I just flew back from a desperately needed 5-day sabbatical in the mountains.  We were finishing work on a group Strategic Lifeplan experience that I believe God is going to use to reorient the lives of many and provide incredible momentum in the advancement of His mission here on earth.  It felt like a foretaste of the coming Kingdom where experiential knowledge, inspired constructs, and unique gifting met as beautiful complements.

During a quick stopover in Salt Lake City, I met a kindly lady in an airport gift shop.  My empirical curiosity forced me to dig a little deeper on the source of her sadness and eastern European accent.

ME:  “Where are you from, originally.

SHE: “I moved from Albania.

ME: “How long ago?

SHE: “About 15 years ago.

ME: “Great.  What brought you here?”  (I responded as if she had just said she moved from Dallas.)

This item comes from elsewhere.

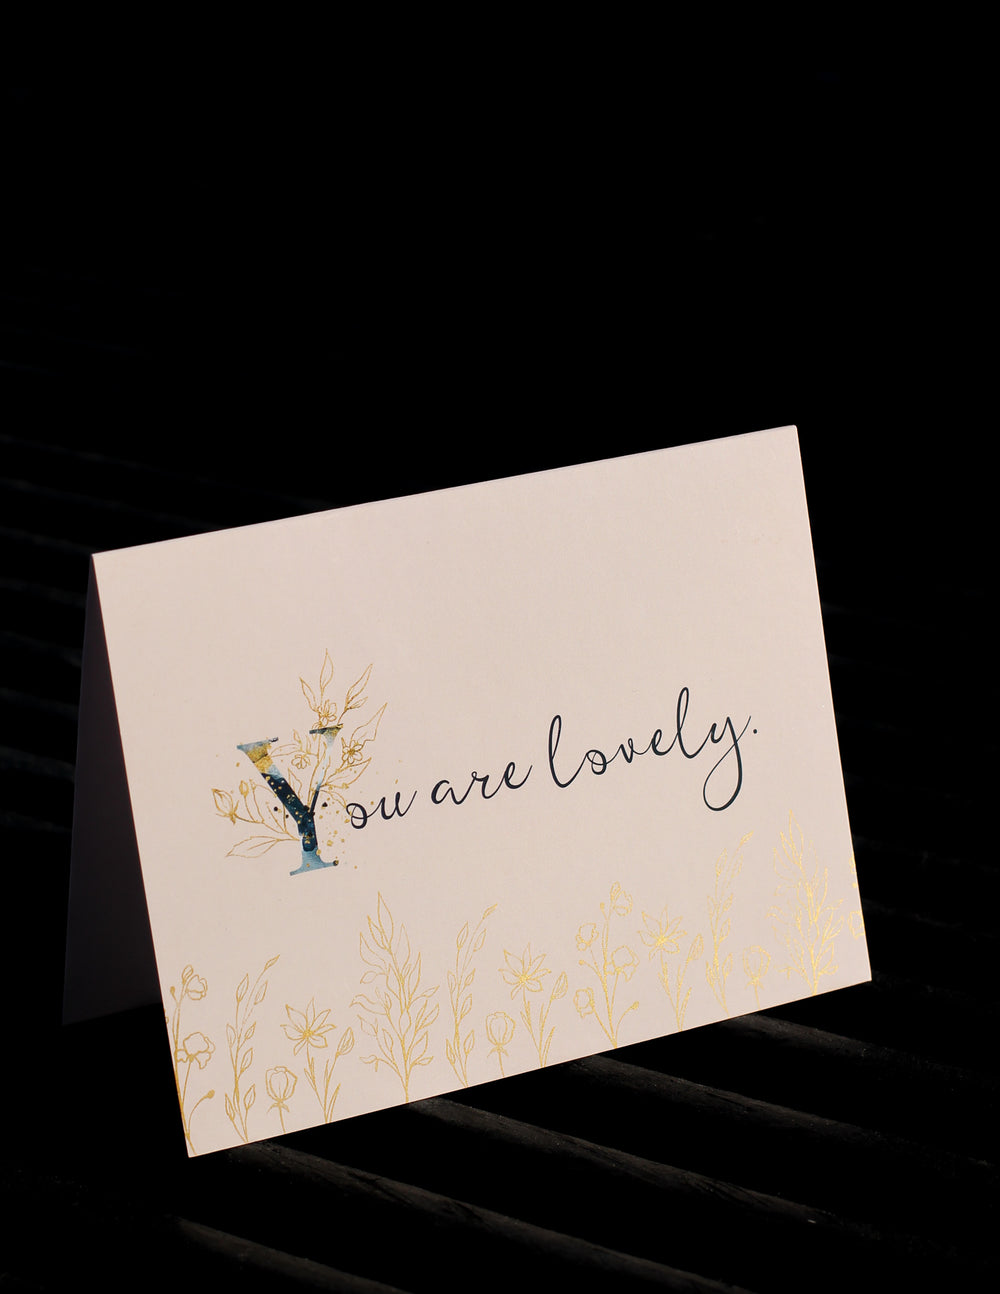 You are Lovely Greeting Card - Pretty Sick Designs

SHE:  “My family was fleeing the war in Kosovo and the ethnic cleansing.

I sometimes wear my ignorance like a fedora.  Felted brilliance with long feather that screams that this one isn’t quite like the others and really doesn’t have a clue about how he comes across.  “Dumb-ass!” was quickly whispered as I unconsciously referenced the wounding of my youth.

She carried both the experience and sobriety that transcended not only the airport gift shop, but my entire western culture sensibility.  She was born into a world at war and viscerally understood, far better than I, both the privilege and cost of freedom.

As I reflected in the coveted bulkhead seat of my last leg, I was taken back to the point of my rescue.  Tragedy and darkness abruptly disrupted by blinding light.  The freshness and tender nature of all that was wrong being made right in a single moment.  How easily I had forgotten the early season of my “nothing will ever be the same.”

I may have a hope in the coming Kingdom that my Albanian acquaintance, Mirjeta, didn’t appear to have, but she has a cornerstone experience that is essential to all of us who believe.  We were born into a world at war and we will live all of our days there.  The context of that reality in the story we live in, makes it all the more brilliant and easier to understand.

Understanding the experiential currency of the story we’ve lived as the subtext of the larger one and interpreting the role we were uniquely created to play, is the very essence of the Strategic Lifeplan process that found me in the mountains.  Helping others find the clarity and momentum I’ve found through understanding my particular role in His larger story, is the reason I exist.

It would be really helpful to be mindful of the fact that it is really Kosovo (and not Dallas) that we are all ultimately from and where we live every day.